Digital tools that boost cosmetic treatment enquiries

Not only do they please your customers, they’re also your best sales ambassadors – with no salary or commission required. Dan Durie explores the latest tools already being exploited by over 1500 UK dental practices

Put your posters and leaflets in the recycling bin. They fail to engage your customers, they’re very old-fashioned – and they’re standing in the way of your enjoying a 40 per cent (plus) uplift in private sales.

Over recent years, across the country, increasing numbers of practices have implemented a new, specialist approach to keeping patients occupied while they wait and educating them about oral aesthetics. Played out over modern screens positioned in areas of high patient traffic – most notably, the waiting room and reception areas – the new approach is to broadcast a series of short, high-quality, digital promotions.

A tried and tested trio

The channel (tailored individually to a practice or group of practices) typically comprises of a mix of expertly-produced content. Approximately one third is devoted to educational information including dental products such as branded rinses, brushes and flosses sold at reception, retailing of which can enhance practice profits as well as encouraging oral hygiene. Another third is given to entertainment unrelated to dentistry, such as daily news, sport and extracts from the latest films releases.

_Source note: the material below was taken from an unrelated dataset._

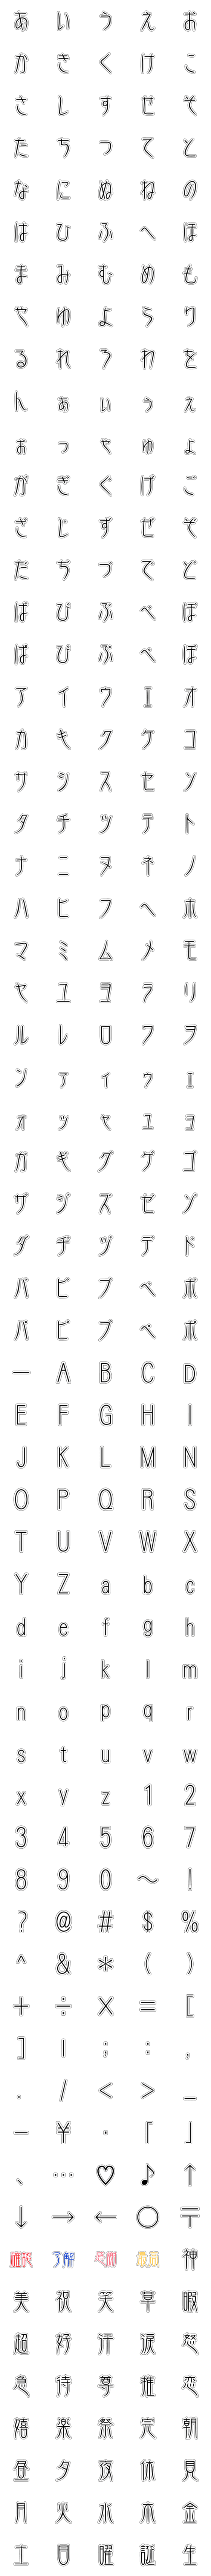 [LINE絵文字]DF金文体 フォント絵文字の画像一覧
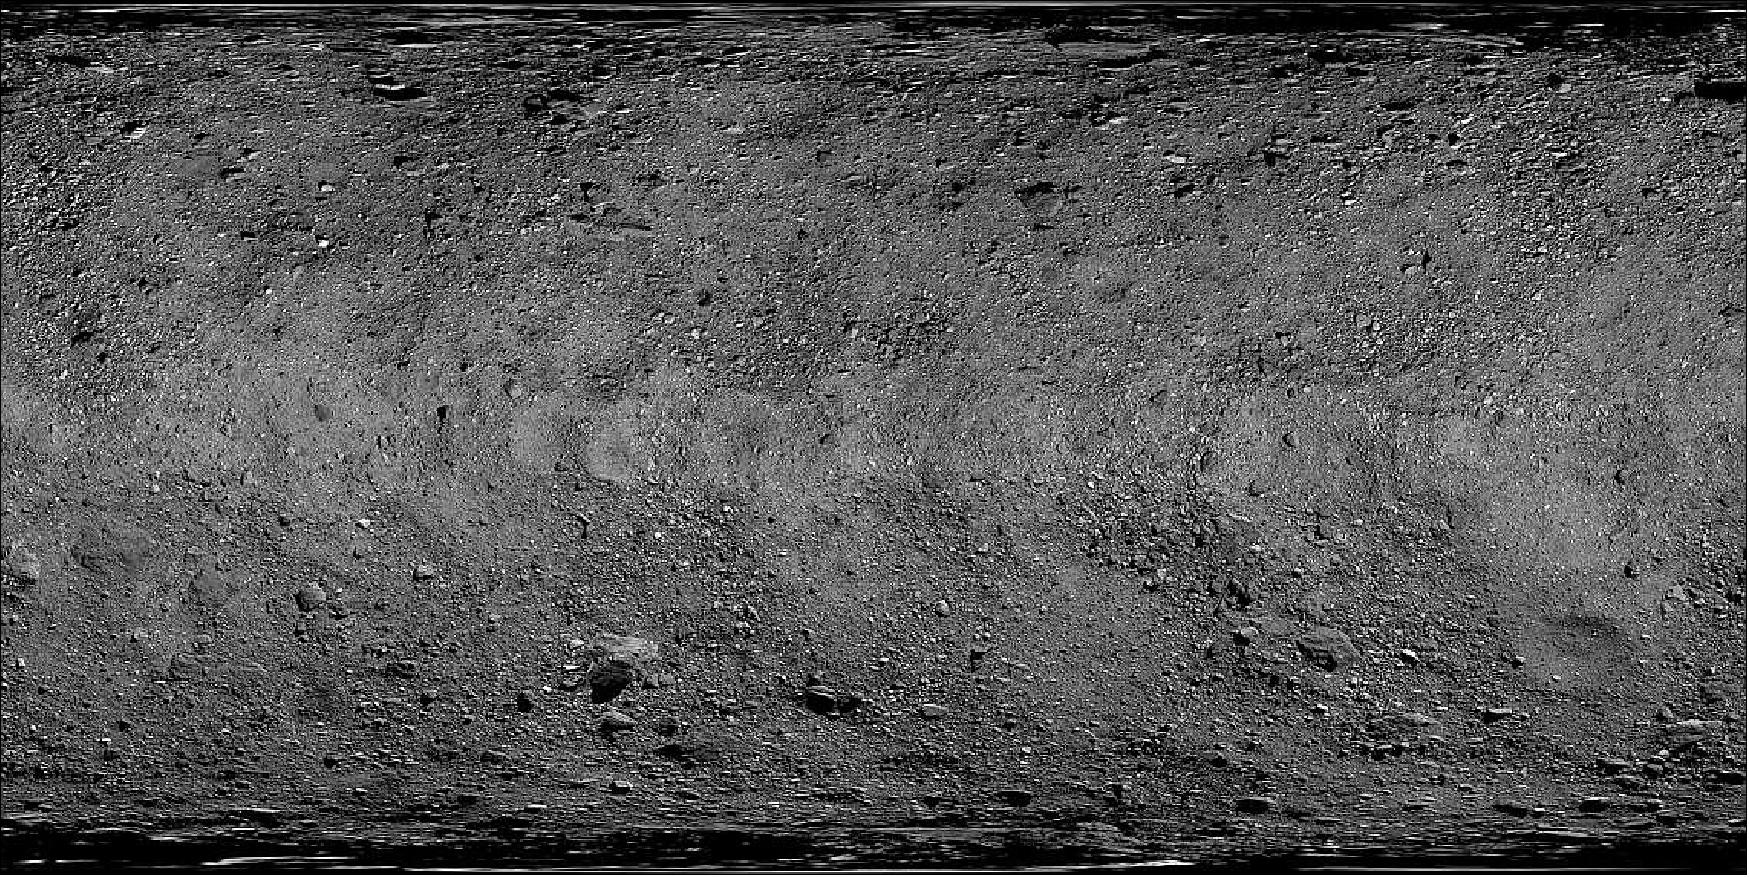 Figure 32: This global map of asteroid Bennu’s surface was created by stitching and correcting 2,155 PolyCam images. At 2 inches (5 cm) per pixel, this is the highest resolution at which a planetary body has been globally mapped (image credit: NASA/Goddard/University of Arizona)

The final third involves the element which pays the biggest financial dividends for the practice: attractive, TV-quality promotions for private cosmetic dental treatments.

Multiple different clips from each of the three elements are carefully interspersed to maintain credibility, attention and patients’ interest. All the production and programming are updated remotely by a team of experts.

The results

The results are now well-researched and documented. On average, 86-91 per cent of patients watch the screens. This compares very favourably with the less than 10 per cent who read posters or magazines. It also creates a far better chance of the practice benefiting from the 80:20 rule: 80 per cent of custom comes from 20 per cent of customers, so it’s important to influence as many of that 20 per cent as possible.

Patients report they actively enjoy the screen experience and about half indicate an intended change in behaviour. In terms of treatment booking uplifts, in a trial across 150 practices, purchases of teeth whitening treatments increased by 43 per cent during periods of on screen activity and promotion.

The fact that the service is managed remotely means practice staff have no involvement – the screens are even switched on and off automatically at the beginning and end of each day. However, key personnel should carefully monitor the effects of the on-screen promotions, mainly the increases in enquiries for respective products and treatments, to ensure maximum gain. The service can also be used to test interest in new services or new products stocked: changes can be made to an individual programme with only 24 hours’ notice, with promotions created and branded at a fraction of the cost of advertising agency rates.

In an economy where many businesses are losing the fight for consumer budgets, it is almost unbelievable that such an inexpensive, unobtrusive approach is not only improving customer experience but significantly and almost effortlessly escalating product and treatment enquiries.